Laporan Kasus
Pembimbing:
Dr. dr. Ramona Dumasari Lubis, Sp. KK(K), MKed(KK), FINSDV, FAADV
Penyaji:
dr. Riefka Ananda Zulfa
DIVISI KUSTA
DEPARTEMEN ILMU KESEHATAN KULIT DAN KELAMIN
FAKULTAS KEDOKTERAN UNIVERSITAS SUMATERA UTARA
RS UNIVERSITAS SUMATERA UTARA
2022
KUSTA TIPE BORDERLINE BORDERLINE
PENDAHULUAN
Kusta merupakan penyakit infeksi kronis yang telah diketahui sejak tahun 600 SM.1
Umumnya, kusta ditemukan di negara berkembang dengan keterbatasan pelayanan di
bidang kesehatan, pendidikan, dan kesejahteraan sosial ekonomi.2 Secara global,
prevalensi kusta di awal tahun 2013 adalah 189.018, di mana jumlah kasus baru adalah
232.857. Terdapat 16 negara yang melaporkan lebih dari 1000 kasus baru, antara lain
India, Brazil, Indonesia, Nigeria, Ethiopia, Bangladesh, Republik Demokratik Kongo,
Nepal, Myanmar, Republik Tanzania, Srilanka, Filipina, Sudan Selatan, Madagaskar,
Cina, dan Pantai Gading.2,3
Kusta disebabkan oleh Mycobacterium leprae.1,4,5 M. leprae adalah bakteri
Gram (-) genus Mycobacterium bersifat tahan-asam karena memiliki asam mikolik di
dinding sel M. leprae juga bersifat intraseluler obligat. M. leprae juga dapat
menginfeksi armadilo, monyet mangabey, dan simpanse.4 Pada manusia, M. leprae
bereplikasi selama 12-13 hari di sel schwann, histiosit, sel otot, dan endotel pembuluh
darah pada suhu 30-33ºC.1,6 Penyakit kusta dapat terjadi terkait oleh beberapa faktor,
diantaranya faktor host seperti usia, jenis kelamin, migrasi, imunitas, genetik, faktor
lingkungan dan sosial.
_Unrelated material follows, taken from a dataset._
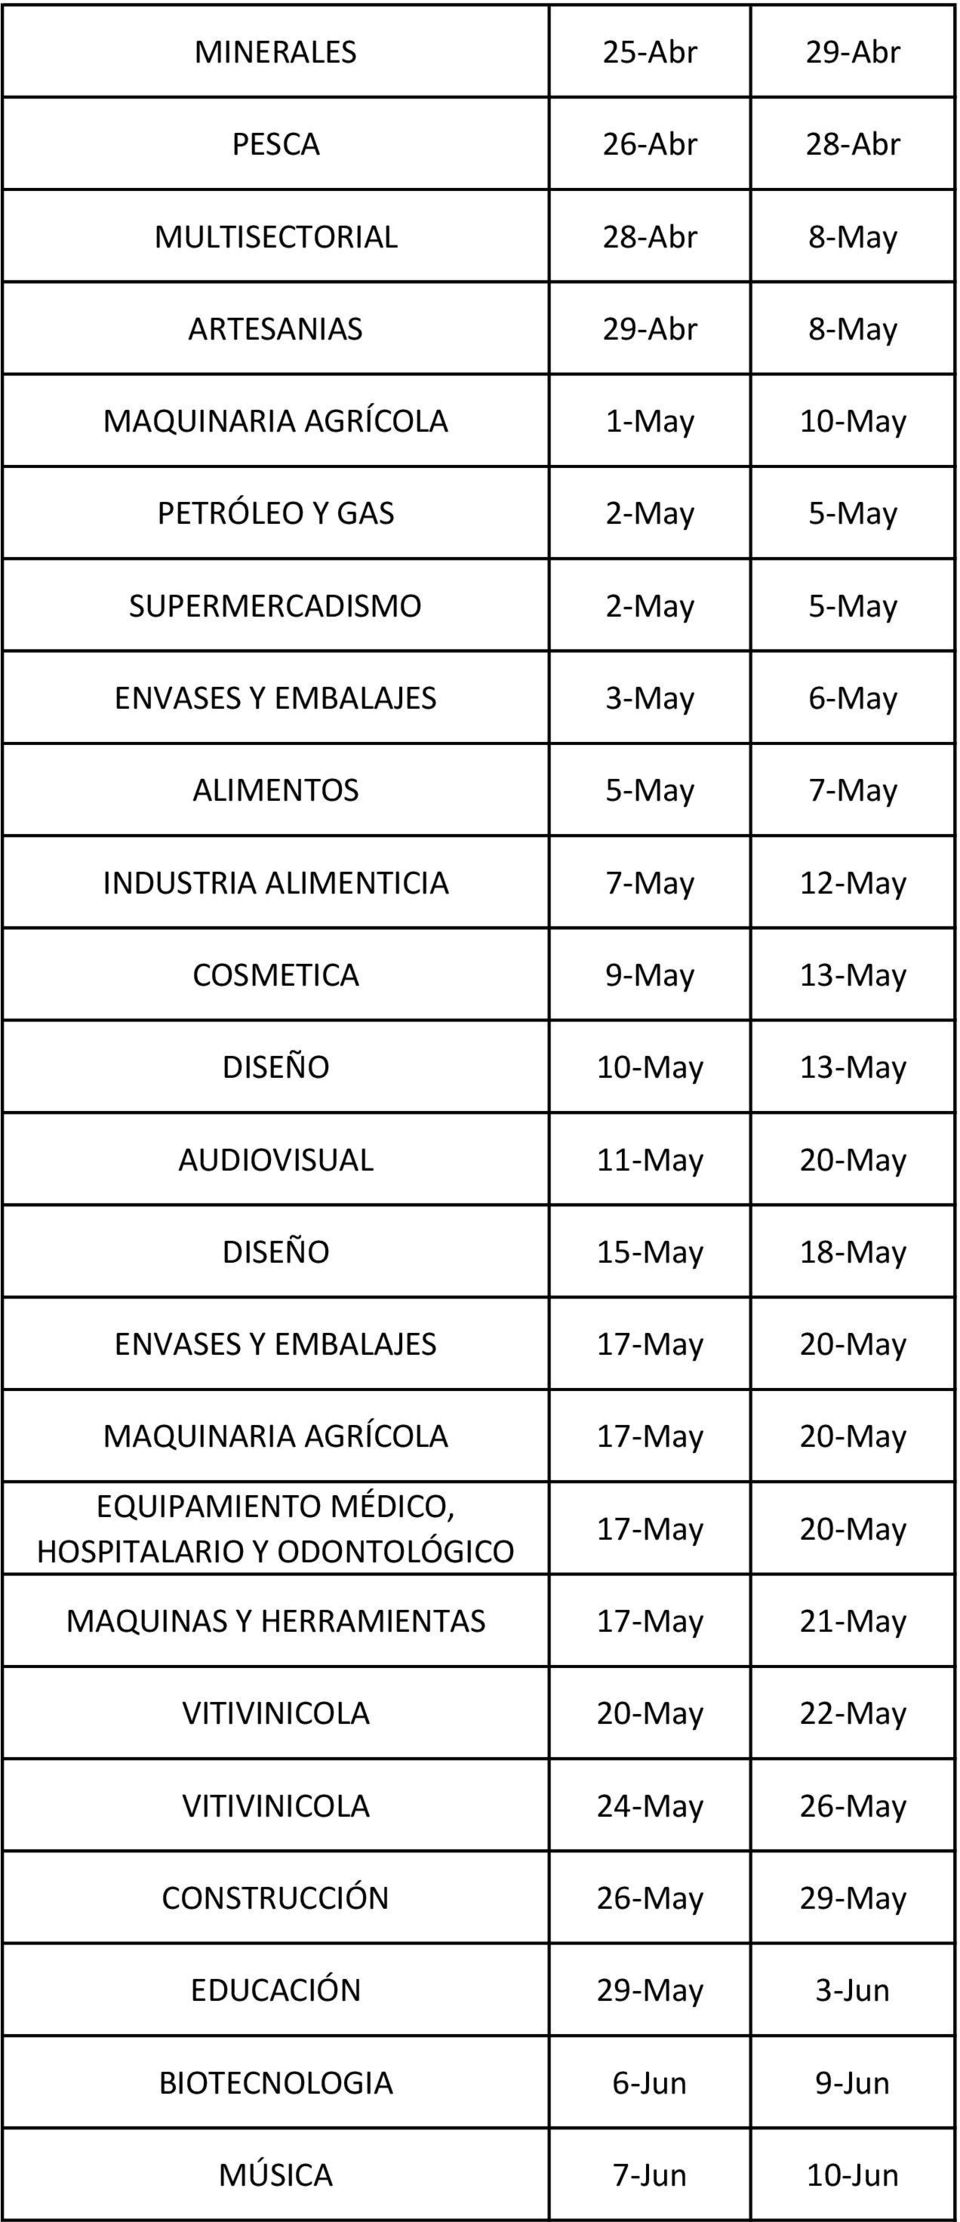 11-May 20-May DISEÑO 15-May 18-May ENVASES Y EMBALAJES 17-May 20-May MAQUINARIA AGRÍCOLA 17-May 20-May EQUIPAMIENTO MÉDICO, HOSPITALARIO Y ODONTOLÓGICO 17-May 20-May
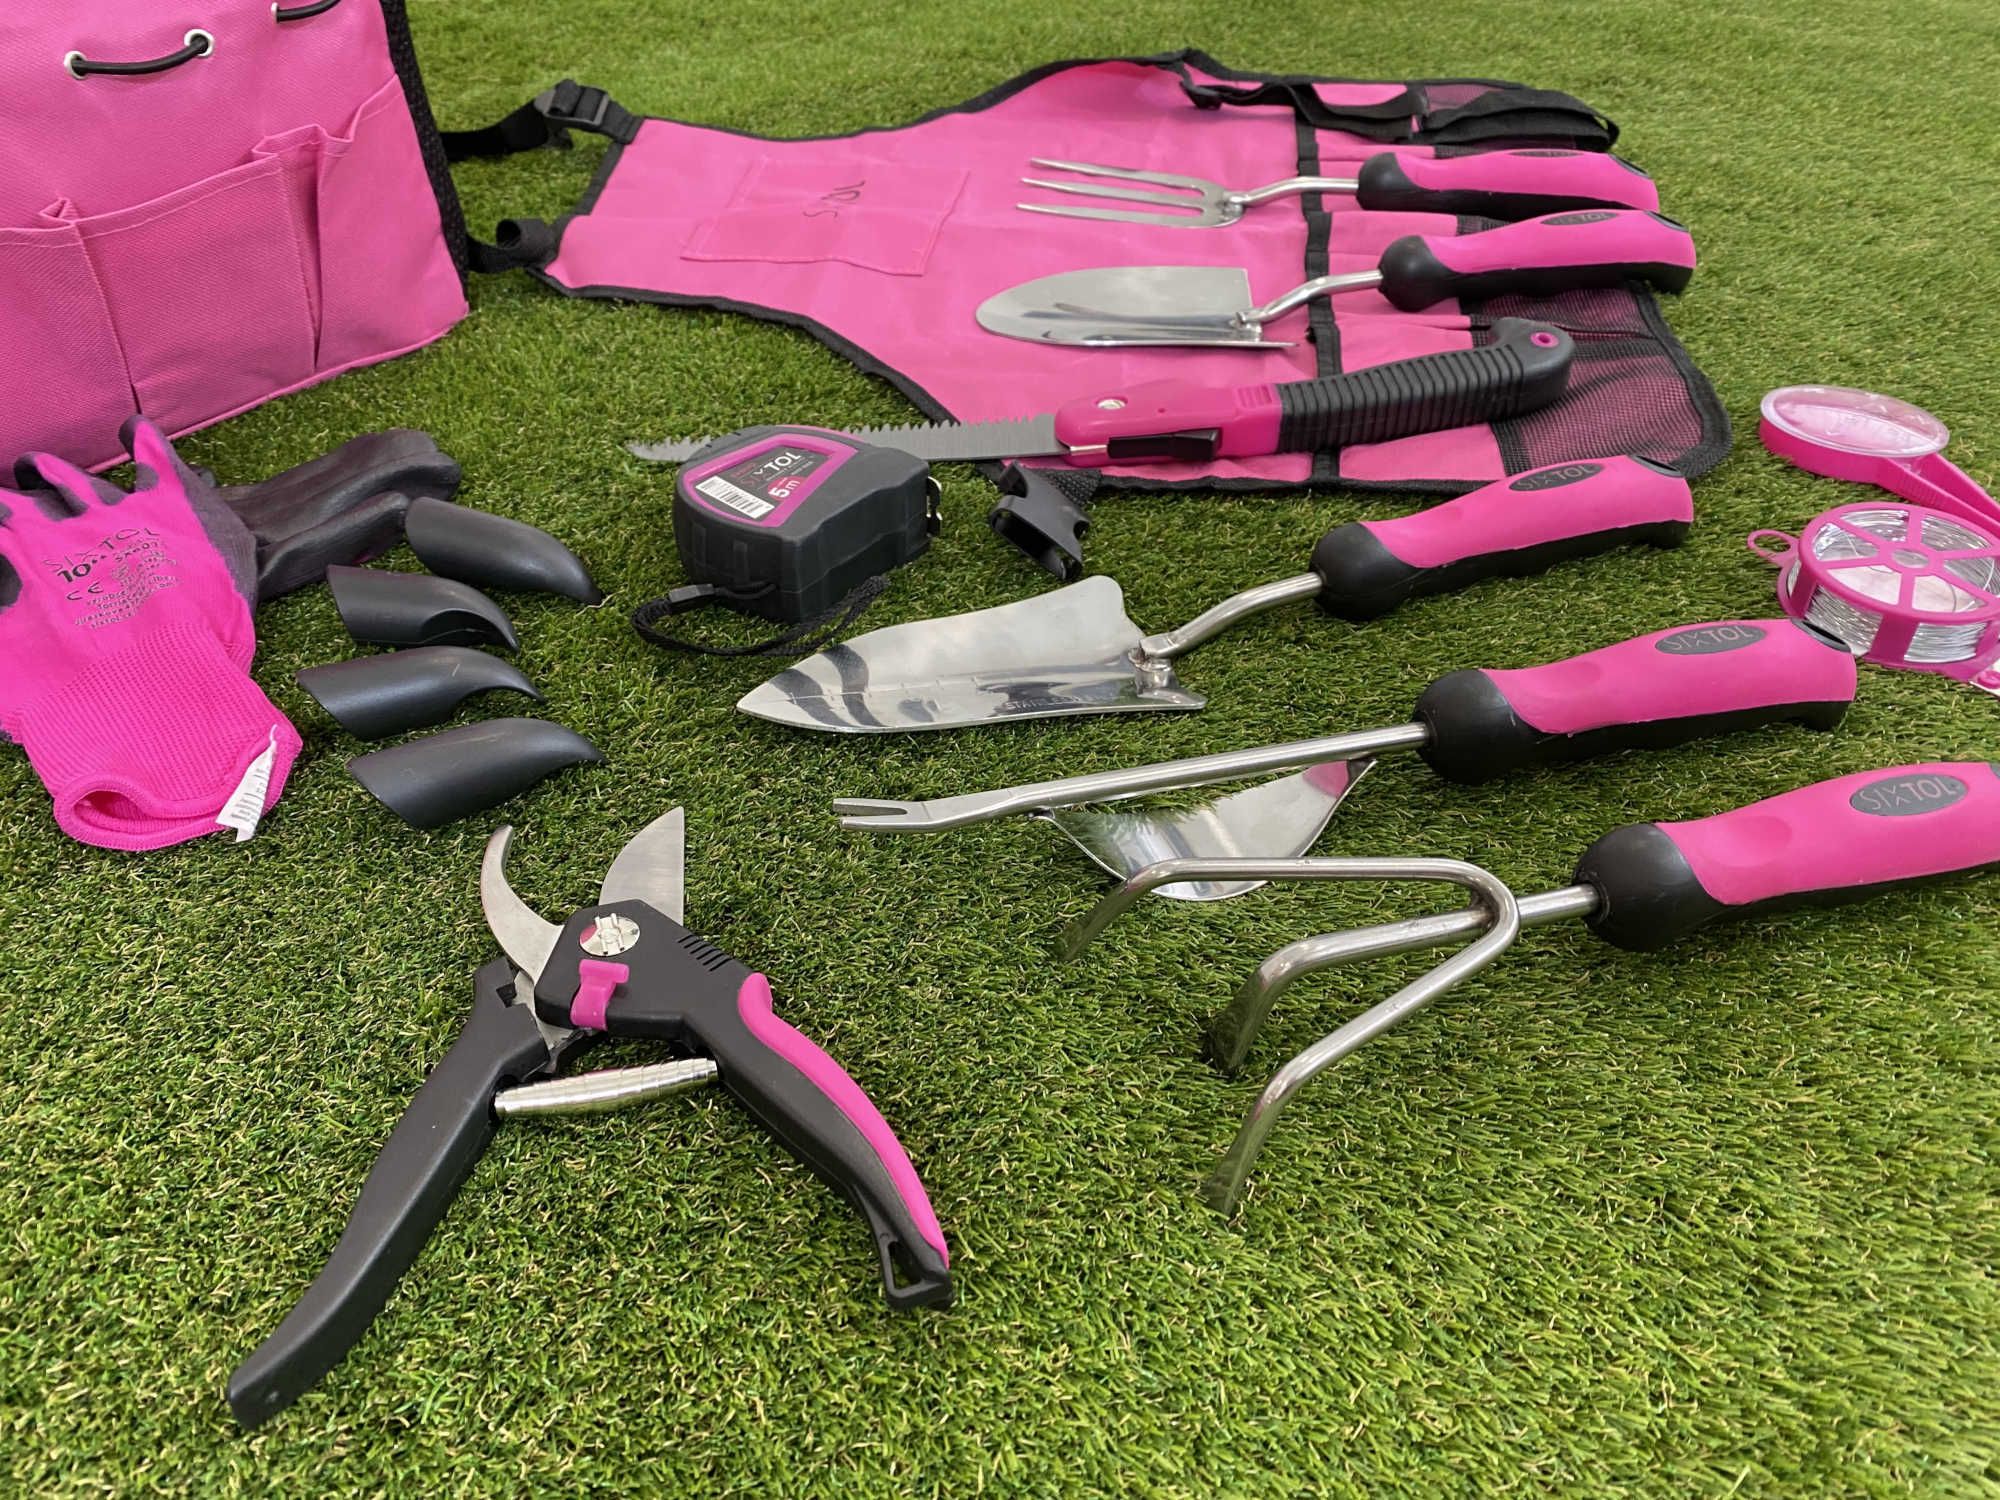 Sada zahradního nářadí Sixtol Garden Pink 12 rozložená na trávníku

Penularan utama adalah rute respiratorius, namun kemungkinan
infeksi melalui mukosa dan kulit yang tidak intak7,8 Namun, penularan kusta hanya
ditemukan di antara manusia dengan manusia.1,6
Patogenesis kusta dipengaruhi oleh faktor genetik dan faktor imunologi host.4
Diagnosis kusta didasarkan pada manifestasi klinis, pemeriksaan bakteriologi, dan
gambaran histopatologi.5 Diagnosis dini berperan penting dalam mencegah kecacatan
dan sekuele pada kusta.14 Manifestasi klinis kusta bervariasi, di mana kusta melibatkan
saraf perifer, kulit, saluran pernafasan atas, mata, otot, tulang, dan testis.1,4 Oleh sebab
itu, tanda-tanda kardinal kusta berperan penting dalam diagnosis kusta. Tanda-tanda
kardinal kusta meliputi makula eritema atau hipopigmentasi yang anastesi, penebalan
saraf perifer dengan gangguan fungsi saraf, serta penemuan basil tahan asam (BTA)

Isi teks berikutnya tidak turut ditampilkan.